THE USUAL NOTE FROM LB: From the summer of 2002 to the spring of 2010, Gwen the Beautiful and I were the proud and often exhausted owners of a beautiful Ozarks property we called Cloud Creek Ranch.
In many ways, the ranch was paradise. But it was a paradise with a price that started going up before we even knew it existed. Here’s another Monday musing about our adventure and the lessons we learned.
Oh, and if y’all detect any irony, please believe me when I say it comes straight from the universe and not your kindly Uncle Larry B.
by Larry Brody
First, the good news:
Burl Jr. is back in Paradise.
Now the not-so-good news:
He comes not as a conquering hero but to help his father.
Our messy economy has taken its toll, and even Burl Sr., Paradise County’s perpetual Farmer of the Year, is feeling the pinch.
“My dad’s going under,” Burl Jr. said to me as we kicked back in the great room of the main house of Cloud Creek Ranch.
Not that we could do all that much relaxing. Gwen the Beautiful and Tera, Burl Jr.’s wife, were dancing around just a few feet away, trying to calm six month old Burl III, who’d worked himself into one of those baby snits parents know all too well.
Burl Jr. and Tera had left this neck of the woods while Tera was pregnant, going on the road to what we all hoped was fame and fortune for Paradise’s favorite young blues man.
Their plan was to crisscross the country while Burl Jr. got discovered, but, life being life and plans being the part of life that the Universe so often seems to hold least sacred, they’d spent most of their time in a little rented house outside Memphis.
Until the baby they call Strummer emerged, swinging his wrist and wailing, Tera had worked as a pre-school teacher while Burl Jr. gigged in the downtown clubs, endearing himself to fans with his raucous version of “Boom Boom Boom Boom” and gaining a rep as “the blue-eyed John Lee Hooker.”
After the birth of their fair-haired boy, Tera took time off to do the full-time mother thing while Burl Jr. got a job at an electronics store, confining his music to weekends at a Beale Street lunch room, where he sang the sweetest, most sensitive version of “Sweet Child of Mine” ever heard.
“Things weren’t how I wanted them to be,” said Burl Jr. “But they had potential.
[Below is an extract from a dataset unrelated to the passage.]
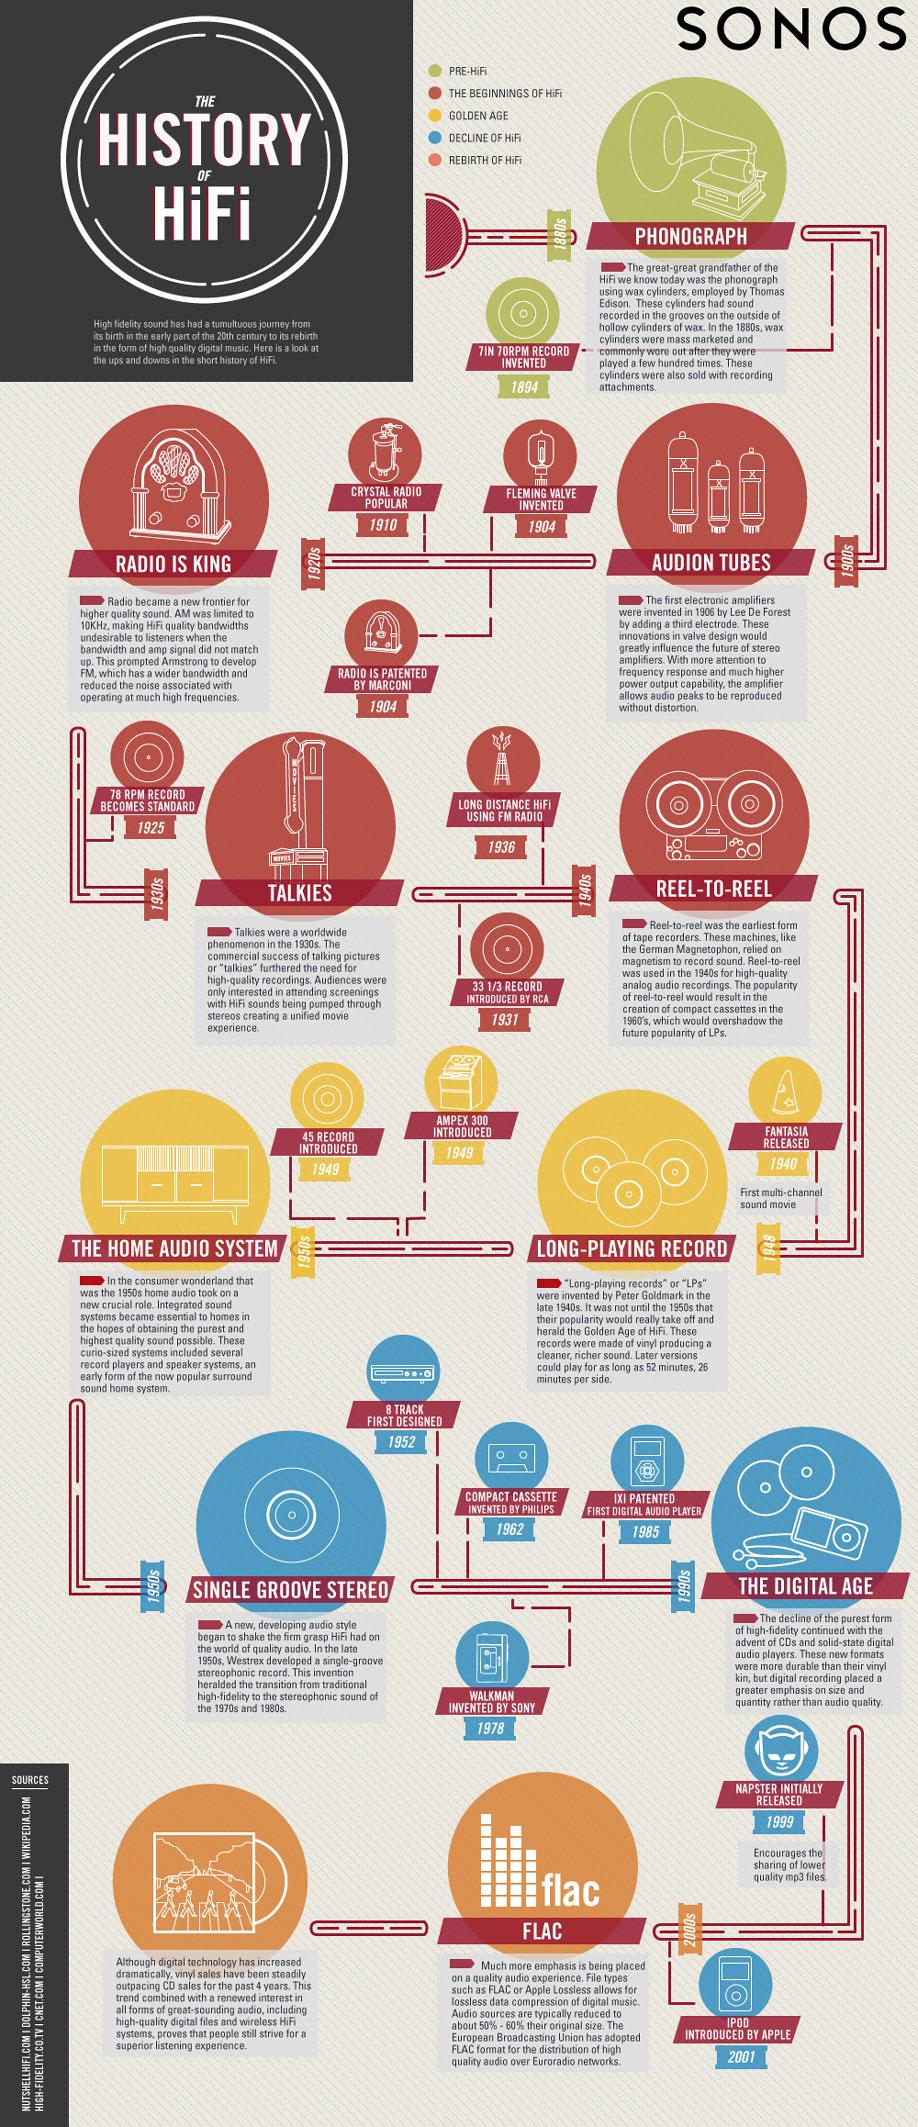 The History Of HiFi

We were working toward something, and with the baby here, that something had a whole new meaning. It wasn’t about just me.
“And then, two weeks ago, my mom called and said Dad needed help on the farm. That he couldn’t afford to pay any hands and he sure couldn’t handle the place alone.
“I felt like I was standing with my foot caught in some railroad tracks, with this big old Midnight Flyer bearing down on me. All the time, all the effort I put in, making a place for myself in the Memphis scene, and it was about to get crushed….”
Burl Jr. trailed off. Over on the recliner chair, Strummer’s voice had gone from a howl to a coo as Gwen played a tune I almost recognized on a set of baby chimes.
“How’d you know he loves ‘CC Rider?'” Burl said.
“Is that what I’m playing? All I know are these color-coded notes on the chart Tera gave me.”
“Burl made that,” Tera said. “I keep telling him he should cut a CD. ‘Baby Rockin’ the Blues.'”
Strummer sighed contentedly. “This baby’s not exactly rocking right now,” I said. His eyes started to close. Finished the job. He fell into a deep sleep.
“Got the idea from my dad,” Burl Jr. said. “He used to play these weird old mountain songs for me on a toy xylophone when I was a kid. Wrote ’em all out for Mom so she could play too, while he was out in the field.”
“Burl Sr. was a good father,” Tera said. “He told Burl’s mother not to call. But she did what she felt she had to. We were so mad for awhile—”
“And now you’re not?” I said.
“How can I be?” said Burl Jr. “More I thought about it, more I saw that wasn’t me stuck on the tracks. That was the man who gave both me and my son our name. My daddy, being barreled down at, with everything he’d ever worked for in danger of being taken away. I’m not going to pull him out? I’m not going to do everything single thing I can to help?”
“Welcome back to Paradise,” Gwen said, and somehow, even though she’s not all that big, she wrapped her arms around Burl Jr., Tera, and Strummer in one big hug, and even included me.
Tera was right. Burl Sr. was a good father. And Burl Jr. is both a good father and a fine son.
If that’s not a conquering hero, what is?